Hello my fellow angry men. Today we will be learning Zen. Relax, I’m just kidding, nobody was ever learning Zen seriously. Even the Buddhist monks are experiencing some anger issues. It’s just about how you deal with it. So how does one become like the flower in the wind or a leaf in somewhere else or whatever those wise old guys are saying in all those ninja movies?
Remember all those irritating things that are making you burst out with righteous wrath on a daily basis? I mean those truly vicious and evil activities of somebody tapping their keyboard in a loud and selfish way, a broken pencil or, God save us, the office ran out of coffee for the longest fifteen minutes in your life, the minutes of pain and agony. Just imagine how easier it would be to just test without all those irritating distractions. And healthier by the way.

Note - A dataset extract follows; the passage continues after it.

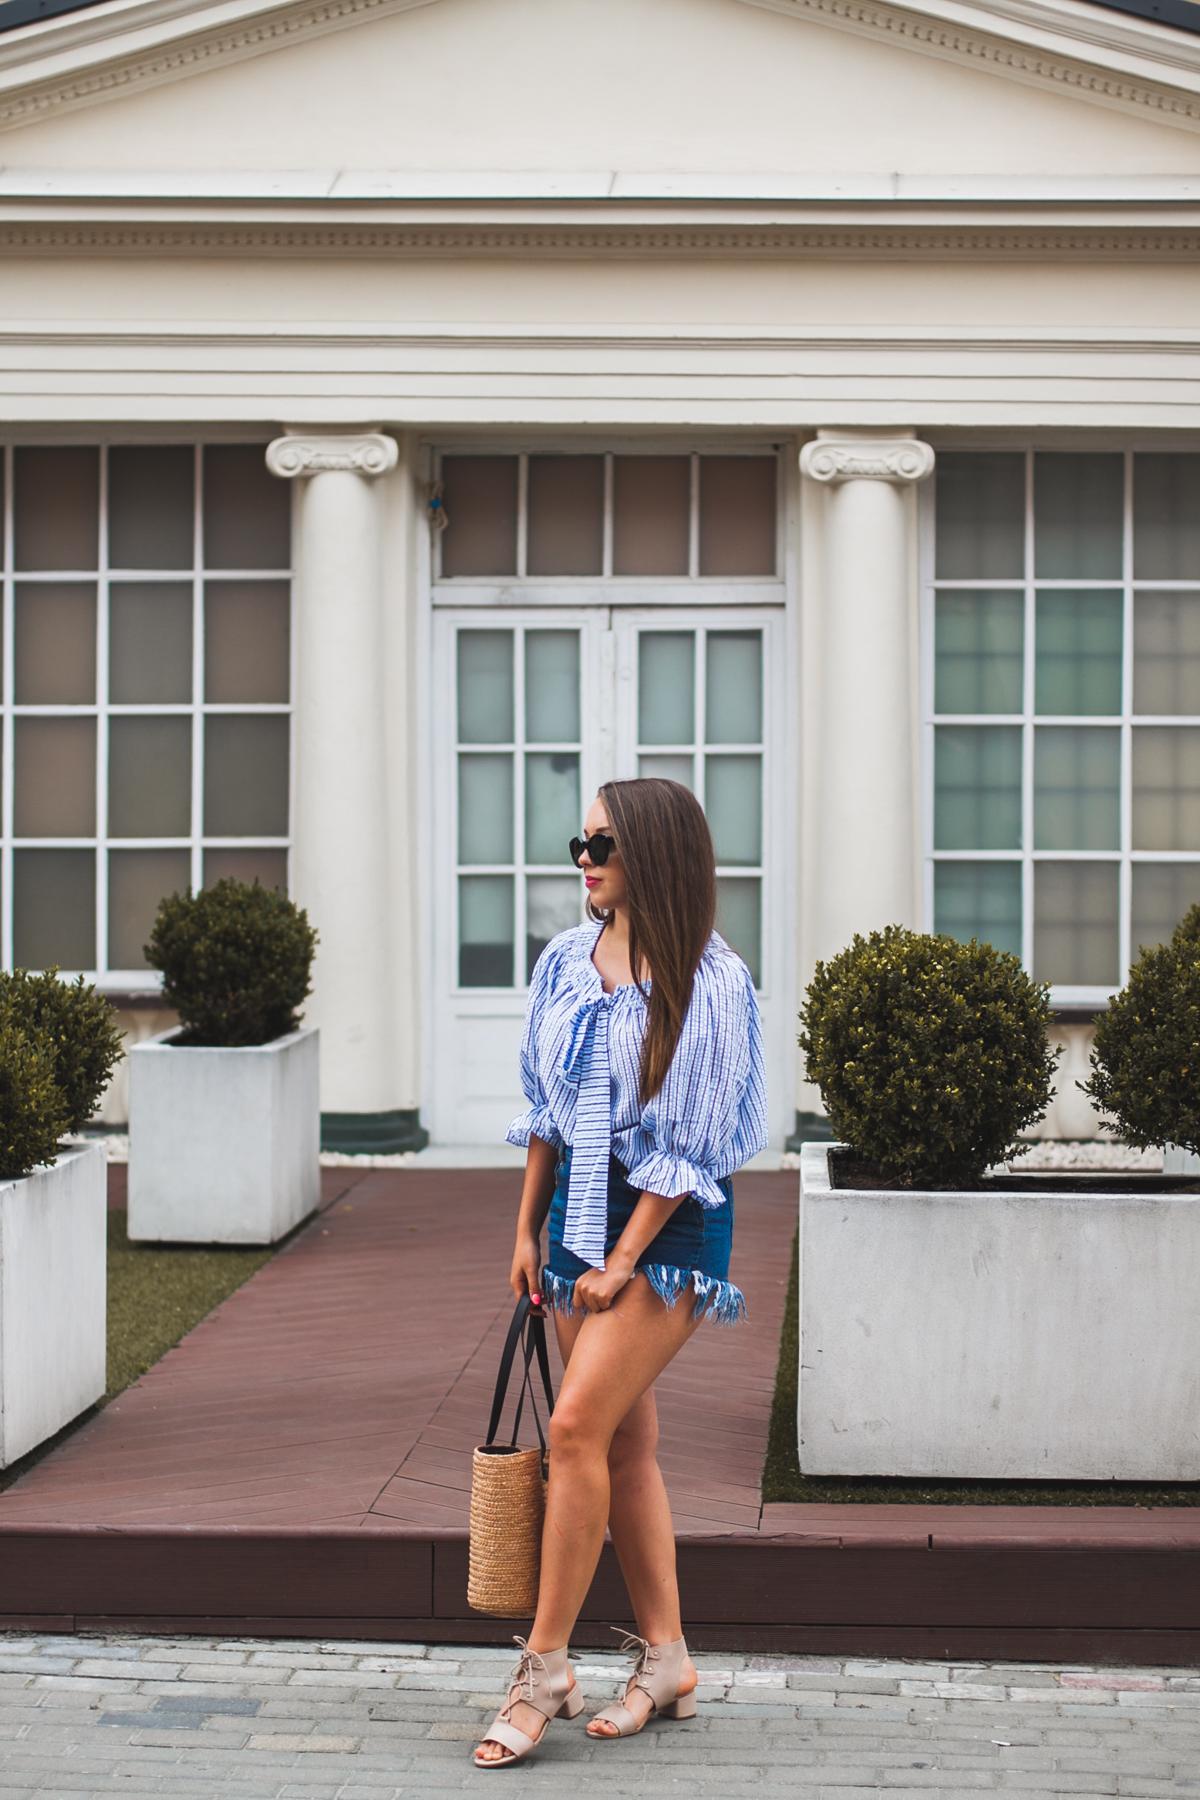 koszula w paski niebiesko białe

The University Of New South Wales is here to assist you in achieving the ultimate Zen. After a two week course of, no not treatment, relax, no doctor’s going to poke you with his needles and stuff, applying their theory you will be as calm and awesome as an actual ninja on a mission.
What is their research about? There were some participants that were asked (some of them forced with brutal strength and tight ropes as they were the Hulk-angry type) to commit their usual daily activities with their non-dominant hand as much as possible. Especially with activities that are potentially dangerous to the surrounding people like door slamming or writing angry comments in blogs (writing angry comments in blogs), etc. The results were that the mentioned people were solid calmness after a total of two weeks. Even when they were abused by others (on purpose, as a part of the experiment) all they did was giving the abusers a very cool lock and continued with their daily activities.
What does this research give us? Brain scans of really pissed off people are showing that the catch is not in the amount of anger one possess. It’s about limitations of self-control. That’s right, we may run out of it which is not good if you are not into being in jail for barking stuff and punching people with keyboards.
But since your brain’s involved it may be hacked. You will be experiencing as much micro frustrations with doing stuff via your ‘useless’ hand that your inner calmness will get all the training it takes to be as peaceful as a sea breeze on a sunny afternoon somewhere around Bermuda. Imagine all the android app testing or web app testing or whatever your job is testing you may accomplish without any irritation whatsoever?